Glove systems, without external wiring cables, that sense hand position and provide haptic feedback to the user would benefit from the soft, conformal electronics that fit the natural curve of the hand and fingers. Shafer and Kranz are on the forefront of this research. They were so effective through the SURE program that I offered them research positions.

Shafer, a stellar researcher, developed a screen-printing process for this novel conductive ink from the ground up that allowed us to create complex circuit patterns very easily, and more importantly, demonstrates the scalability of using this new ink with a process that can be easily adapted for manufacturing. Shafer is a natural leader.

Kranz, my first student researcher, has shown a tremendous capacity for problem solving on-the-fly, which is ideal in a research position.
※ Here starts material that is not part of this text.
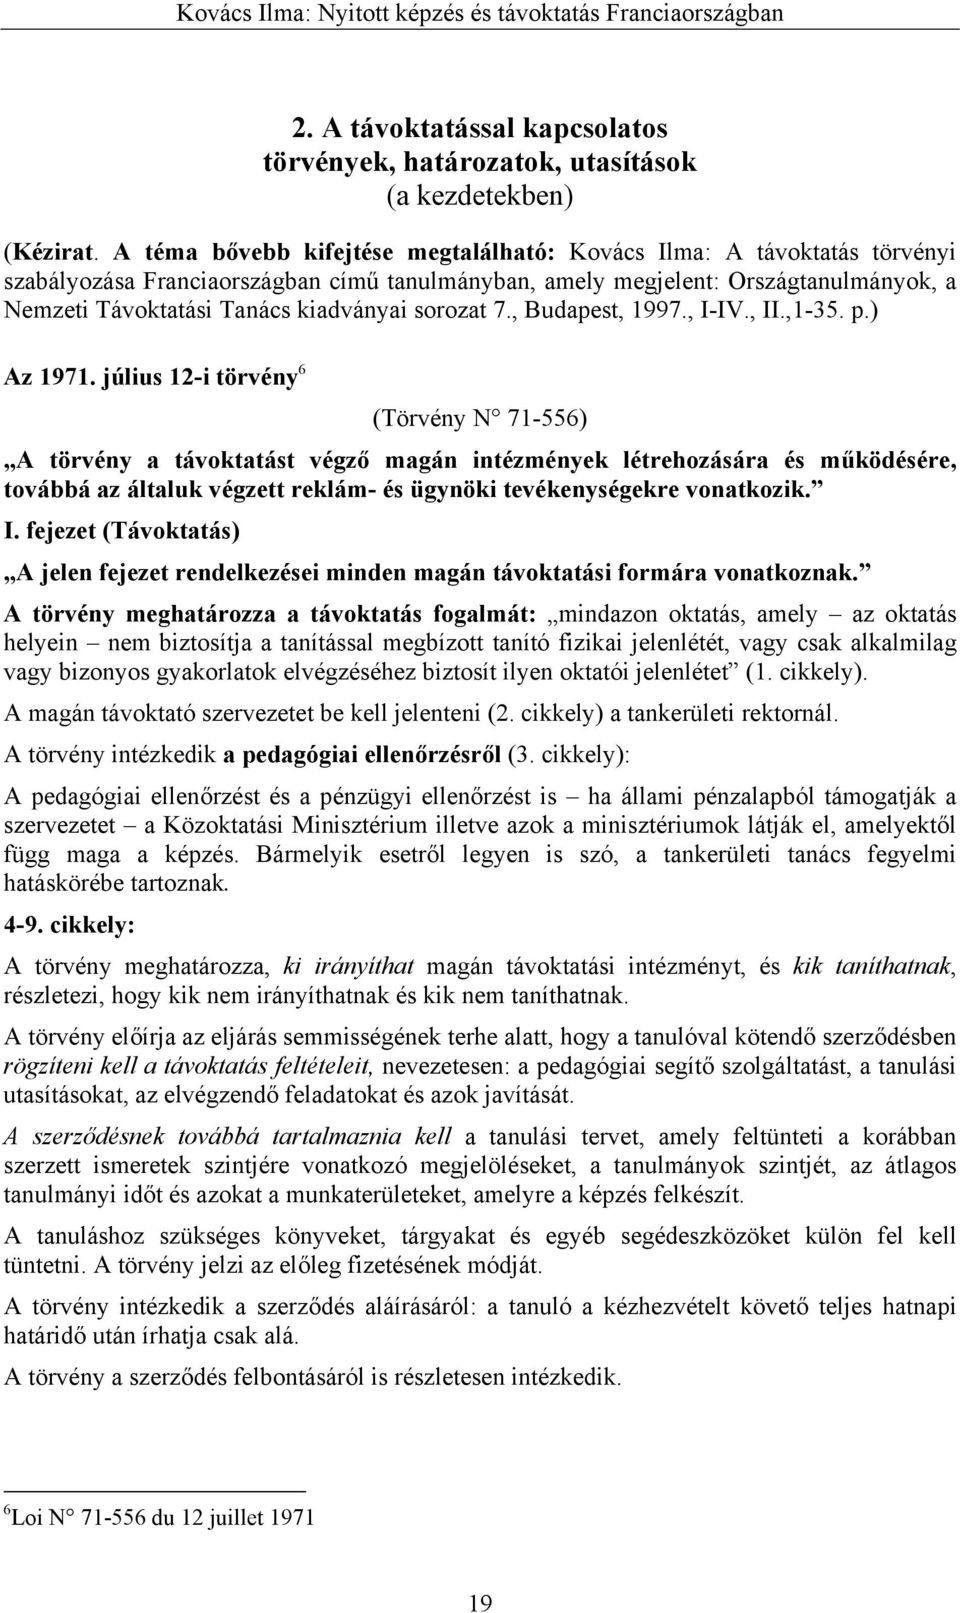 sorozat 7., Budapest, 1997., I-IV., II.,1-35. p.) A törvény a távoktatást végző magán intézmények létrehozására és működésére, továbbá az általuk végzett reklám- és ügynöki tevékenységekre vonatkozik.

He started as an academic assistant and helped set up my lab. His resourcefulness and engineering aptitude quickly morphed into a research position. He worked in tandem with a senior design team on the Vision Empower project and helped to develop a prototype glove that uses light sensing and a vibrational motor to allow a user to sense various shades of grey, with the intention to assist blind or visually impaired children to learn STEM concepts that rely on graphs and diagrams. Thanks to the SURE program, he was sponsored to continue his research role into the summer, where he began studying the critical interface between rigid electronic components like silicon chips and soft substrates. He is a motivated self-starter in the lab, and I look forward to seeing what he will come up with next.

Shafer not only continues as a researcher in Watson’s lab but also plays softball for UD, is a peer adviser in the School’s Office of Student Success, is a teaching assistant in thermodynamics, and is the Student Athlete Advisory Committee diversity, equity, and inclusion chair. When asked how she juggles everything, including a rigorous engineering academic curriculum, Shafer proudly acknowledges:

I have great resources that allow me to balance everything I care about. My coaching staff and teammates have played a huge role in my UD experience, and I couldn't do everything I do without their support and advice, and my up-to-date Google calendar helps me to manage my time. I have learned so much about wearable technology, research and development, and have gained a mentor in Dr. Watson. In addition, Dean Schramm, associate vice president of Student Development and dean of students, has been an incredible mentor to me since my first year, and I am grateful to have this relationship.